- English-language promotional poster
- Directed by: Julien Leclercq
- Written by: Julien Leclercq; Hamid Hlioua; Henri-Georges Clouzot; Jérôme Géronimi;
- Based on: The Wages of Fear (1953 film) by Henri-Georges Clouzot Jérome Geronimi; The Wages of Fear (1950 novel) by Georges Arnaud; ;
- Produced by: Mikael Govciyan; Julien Madon; Julien Leclercq; Nathalie Toulza Madar;
- Starring: Franck Gastambide; Ana Girardot; Alban Lenoir; Sofiane Zermani;
- Music by: Éric Serra
- Production companies: Labyrinth Films; TF1 Studio; TF1;
- Distributed by: Netflix
- Release date: March 29, 2024;
- Running time: 106 min
- Country: France
- Languages: French Arabic
- Budget: €16,600,000

= The Wages of Fear (2024 film) =

The Wages of Fear is a 2024 French action thriller film directed and co-written by Julien Leclercq, and starring Franck Gastambide, Ana Girardot, Alban Lenoir and Sofiane Zermani. It is a remake of the 1953 film by Henri-Georges Clouzot, in turn based on the 1950 novel by Georges Arnaud. It was released on March 29, 2024 on Netflix.

==Plot==

In a desert nation undergoing revolutionary upheaval, four mercenary adventurers are commissioned by an oil corporation to undertake a high-stakes logistical operation. Their objective is to transport nitroglycerin, securely loaded onto two trucks, to extinguish a massive oil well fire threatening a refugee camp housing approximately 5,000 individuals, including the family of one of the operatives.

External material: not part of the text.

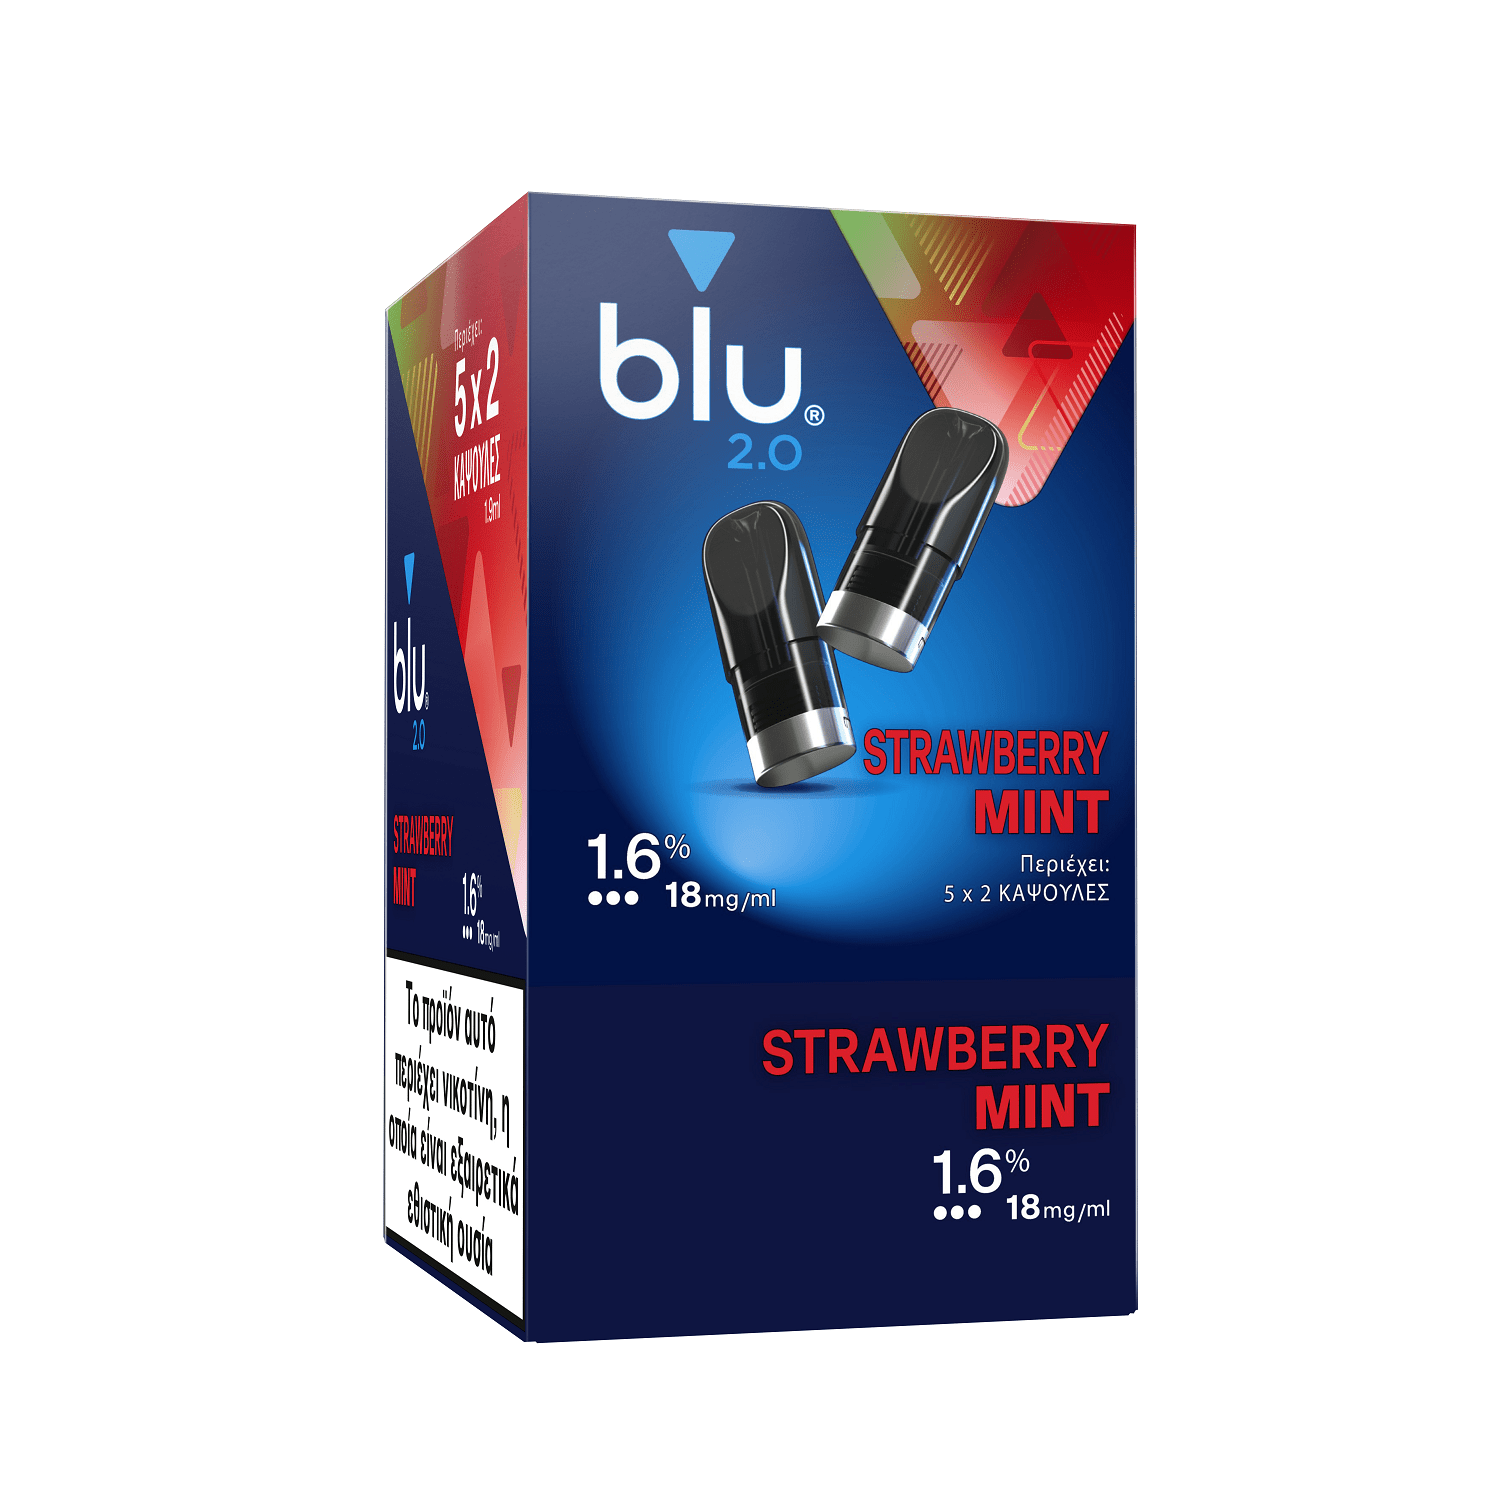 BLU 2.0 CAPSULES STRAWBERRY MINT - usaheatproduct.store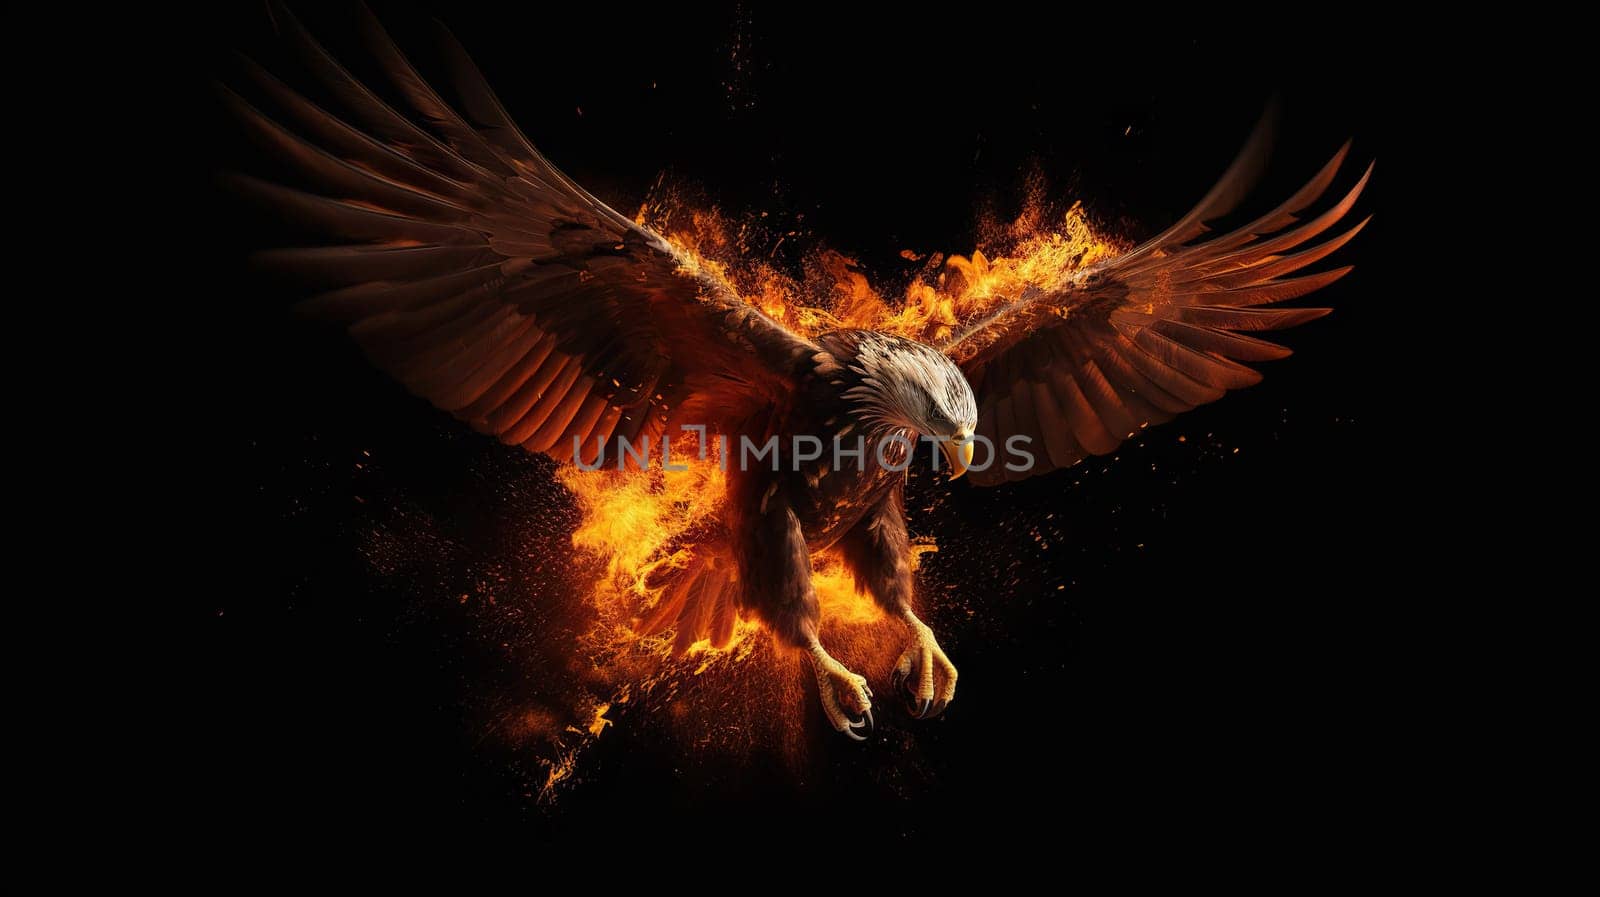 Majestic eagle in fiery phoenix transformation against dark background - Generative AI

The mission requires traversing several hundred kilometers of hazardous desert terrain while circumventing numerous obstacles and dangers. In exchange for the successful completion of this perilous task, the mercenaries are offered substantial financial compensation.

== Production ==
The project was announced in April 2023. In the official statement, the writer-director declared: "Bringing this talent together for the reboot of such a film—for a global release on Netflix—compels me to pour my heart and soul into it. The ambition is immense."

=== Filming ===
Filming took place in Morocco over 60 days in early 2023.

==Reception==
Chase Hutchinson of Collider stated: "While it was unlikely that this remake would ever come close to the original, which was itself based on a novel, just how far short it falls is almost impressive. The action, more built around sporadic shootouts and forced hand-to-hand fight sequences, is never even remotely thrilling... It is like a chasm is being opened up before us where you can see the brilliant heights of Clouzot’s film and the dire depths that this one just keeps falling further into. By the time it hits rock bottom, you’re just glad it's over."

Padraig Cotter of Screen Rant wrote: "The Wages of Fear isn't terribly emotional and plays like a cross between a Fast and Furious movie and an extended Call of Duty mission. Still, in keeping with its Fast and Furious inspiration, family drama plays an important role."

On the review aggregator website Rotten Tomatoes, 20% of 10 critics' reviews are positive.